When we can’t predict the future, how do we choose the optimal page to swap out?

A

Use the past!

17
Q

What are the three things required to do intelligent page replacement?

A
  1. Determine what [relevant] information to track
  2. Figure out how to collect that information
  3. Store that information
18
Q

In a hardware assisted translation system, what information does the OS not have access to?

A

The OS won’t know how many times an address is used, so it won’t know how useful a given page is or isn’t.

The OS won’t know this information because it isn’t involved in the translation.

19
Q

What are the CONS of collecting usage statistics for pages?

A
  1. Collecting statistics may be computationally expensive, slowing down the process of translating virtual addresses
  2. Storing statistics may be expensive, occupying kernel memory that could be better used for other things.
20
Q

What is the simplest possible page replacement algorithm?

A

Random replacement

21
Q

What are the PROS of a random page replacement algorithm?

A

It’s extremely simple and a good performance baseline for algorithms that try to be smarter than random

22
Q

What are the CONS of a random page replacement algorithm?

A

It’s way too simple. We can definitely do better than this.

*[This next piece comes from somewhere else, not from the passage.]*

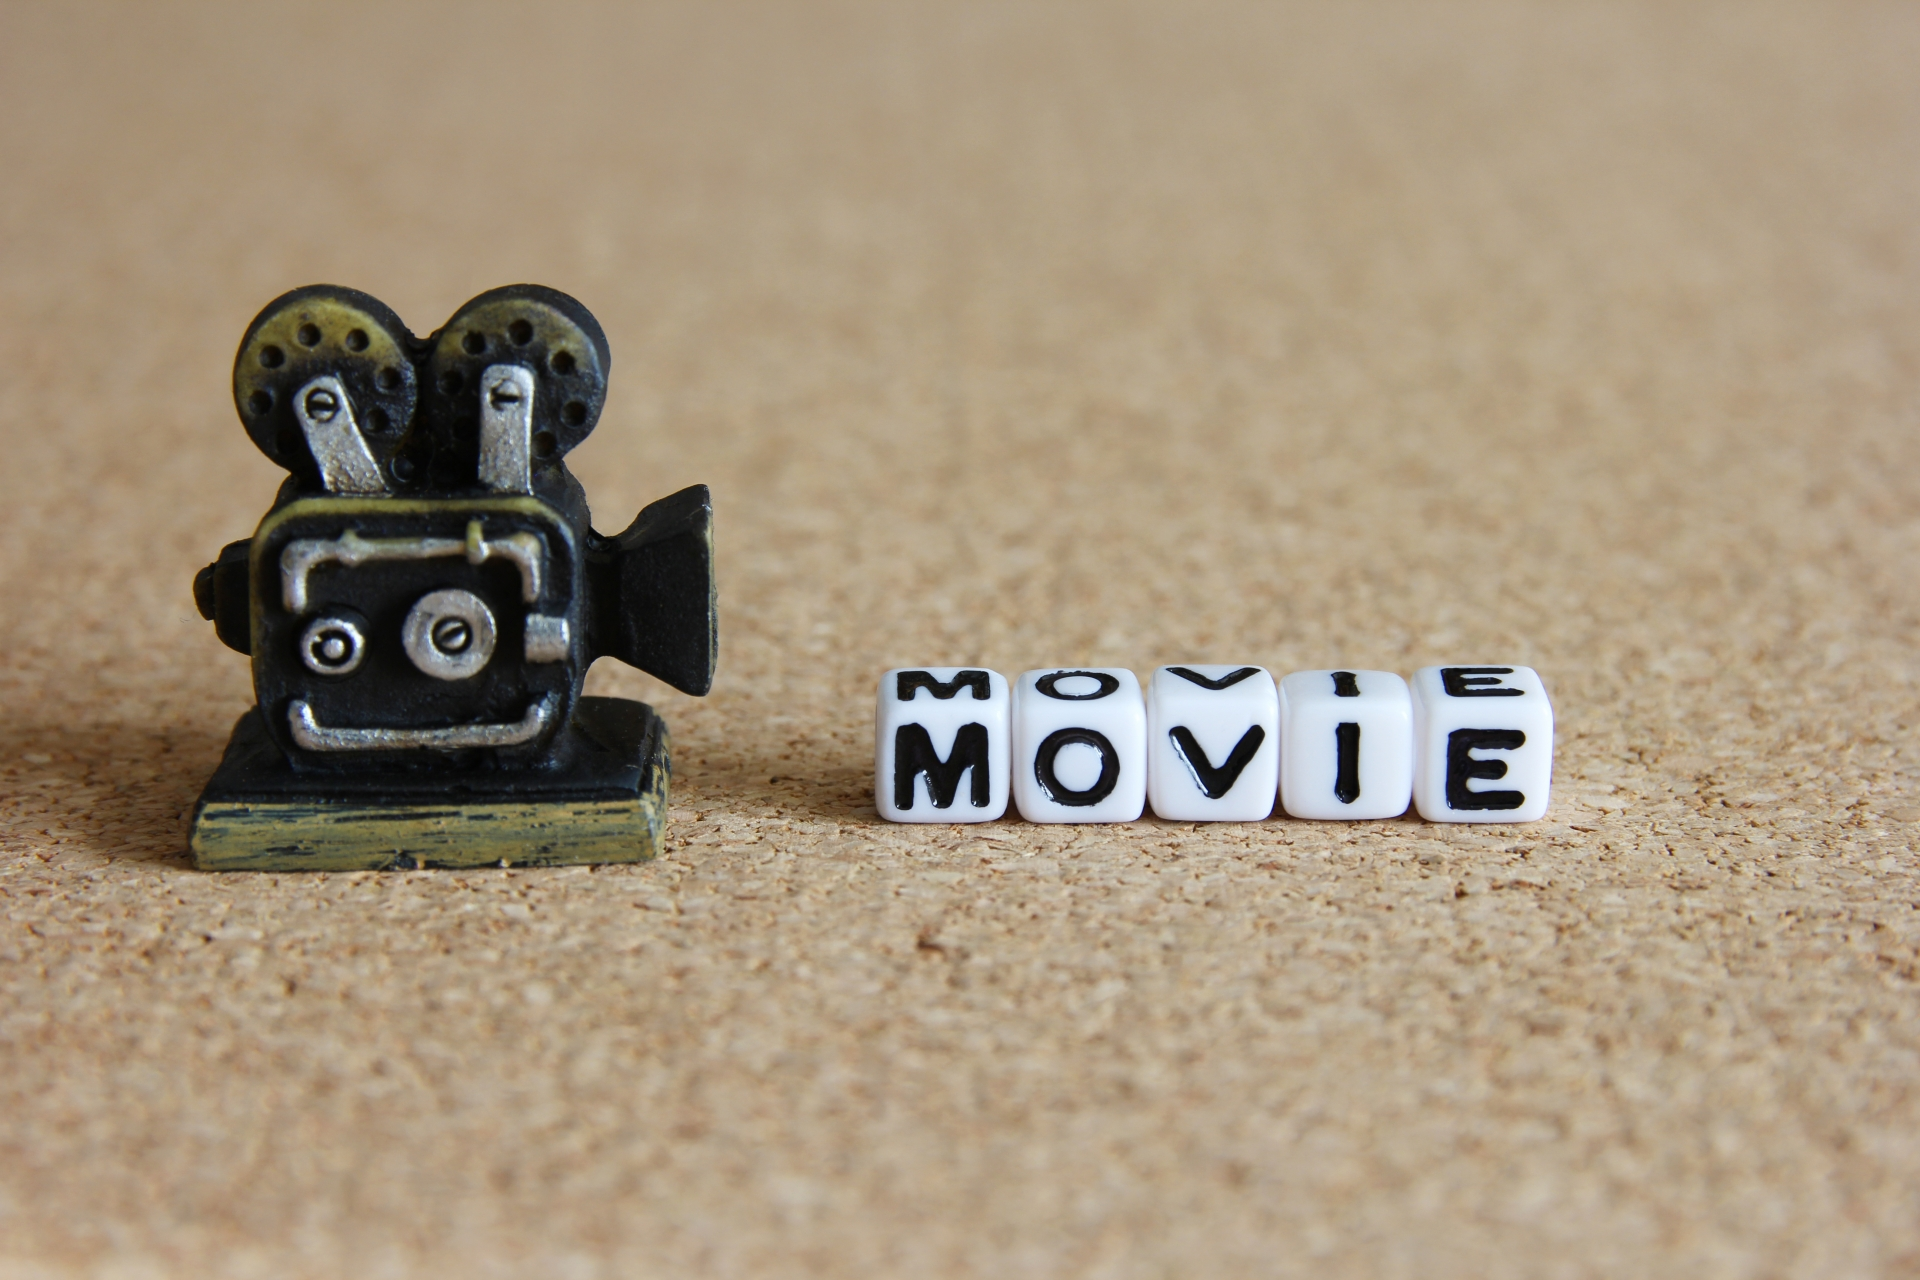 YouTube動画編集技術を学ぶならMovie Hucks!目指せ在宅クリエイター

Think, do we want to risk randomly swapping out (evicting) a page used by a high-priority process?

23
Q

What is an algorithm that uses a page’s past to predict its future?

A

Least Recently Used (LRU).

LRU chooses the page that has not been used for the longest period of time and hopes that this page will not be used again for a while

24
Q

What are the PROS of the Least Recently Used (LRU) algorithm for page eviction?

A

It might be as good as we can do without actually predicting the future

25
Q

What are the CONS of the Least Recently Used (LRU) algorithm for page eviction?

A

We need to know AND store data on how long it has been since a page has been accessed

26
Q

When storing statistics for running a Least Recently Used algorithm for page eviction, how much access time information can we store?

A

32 bits = 2^32 “ticks”. This literally doubles the page table entry size.

8 bits = 256 bits. This is better.

27
Q

Assuming we have the appropriate statistics, how do we find the least recently used page?

A

We need some kind of efficient data structure which holds all physical pages on the system that is searched on every page eviction

28
Q

What are the three steps required to locate a page to evict in Clock LRU?

A
  1. Cycle through all pages in memory in a fixed order
  2. If a page accessed bit is clear, evict that page
  3. If a page accessed bit is set, clear the bit

Note: There is a record of where on the data structure the last cleared page was, that way the next time we need to evict a page we pick up one position past the last position (so as to not unfairly evict unused pages early in the “clock”)

29
Q

What is the “Clock” LRU?

A

It is a simple and efficient LRU-like algorithm.

There is one bit of accessed information, set when loading a virtual address into the TLB.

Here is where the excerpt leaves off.